# US spyware bills win large vote



## steveybob (Feb 28, 2005)

US law makers have voted to introduce harsher penalties for those who spread spyware on people's computers. 
The House of Representatives voted overwhelmingly for two bills which clamp down on spyware programs................................

click this link for full story....here 

thanks to BBC for this story

lets hope it does some good!


----------



## POADB (Jul 28, 2004)

Finally.. 

getting somewhere...


----------



## MicroBell (Sep 21, 2004)

Hahhaha.. Don't count on it!! You need to read that law VERY carefully.
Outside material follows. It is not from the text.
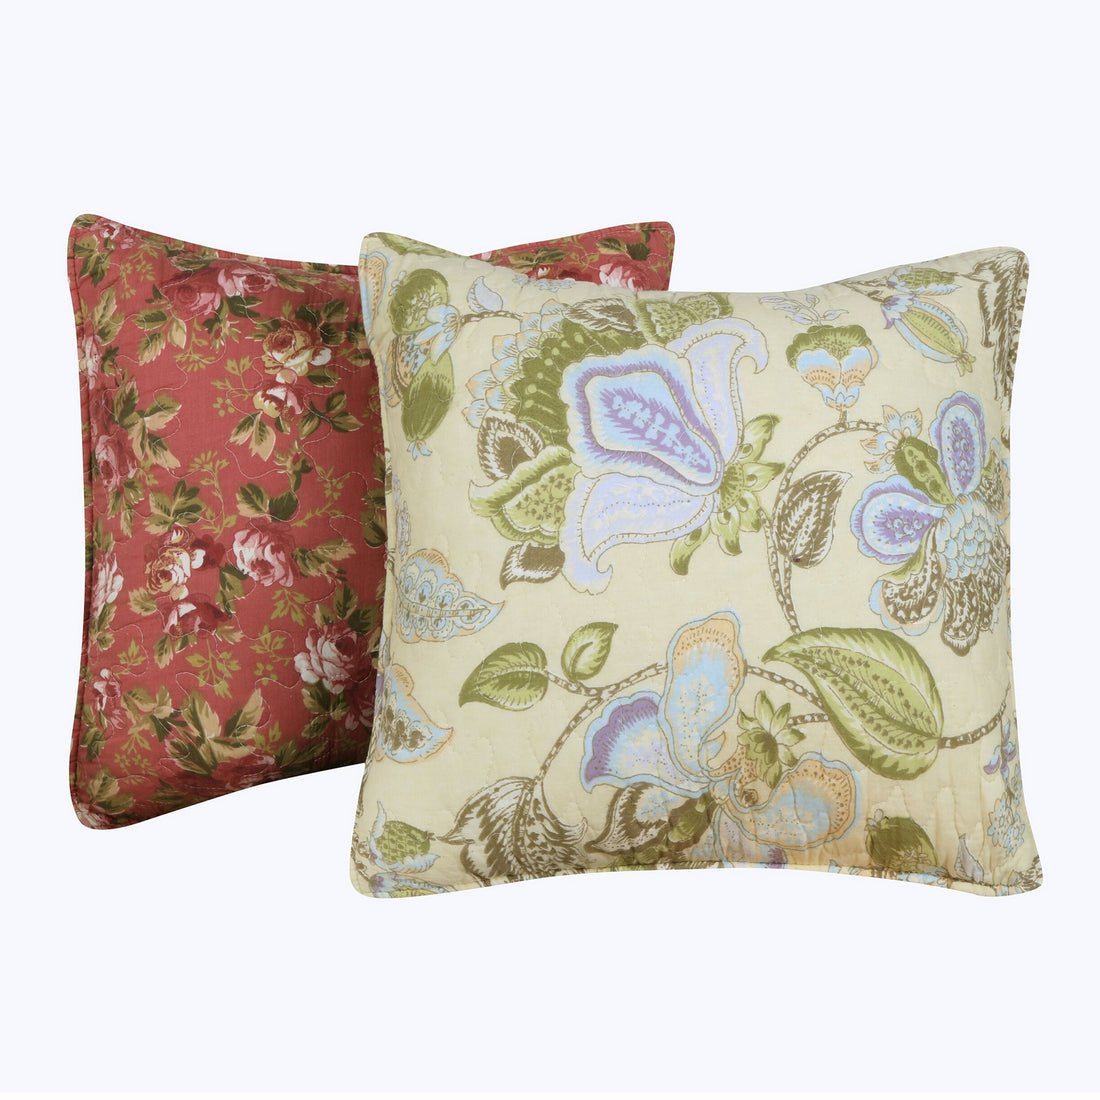 Eiger Fabric Decorative Pillow with Floral

This law does not address adware makers..that we are dealing with every day in this forum. Also..these adware makers are aware that they will be under attack in the future. At present they are sending Cease and Desist letter's to just above every forum and site that removes this nasty crap from users PC.

Just today..Spyware Warrior and Eric Howes got one from Direct-Revenue because they disscused Aurora and the Nail.exe adware on their sites. There goal is to "SHUT UP" the people that know about this stuff and how to prevent it's install and how to remove it.


----------



## POADB (Jul 28, 2004)

Thats interesting - but what ever happened to 'freedom of speech'? hahaha...

The junk shouldn't be installed in the first place. Simple as.


----------



## Spatcher (Apr 28, 2005)

POADB said:


> Thats interesting - but what ever happened to 'freedom of speech'? hahaha...
> 
> The junk shouldn't be installed in the first place. Simple as.



Simple as...

But I agree, they should target the makers of *malware* not just spyware.


----------



## MicroBell (Sep 21, 2004)

You may find it interesting to see which adware/malware makers are sending their Cease and Desist letter's too..and threating Litigation to silence the critics of several companys and forums on the net. Ben has a list that can found here...

http://www.benedelman.org/spyware/threats/

Hasn't been updated with the recent Direct Revenue letters that just went out a few days ago. I swear these lawyers are totally clueless to what adware/spyware is....lol


----------



## superflysmith (Oct 15, 2004)

Litigation? How can they sue companies who tell the truth about them?


----------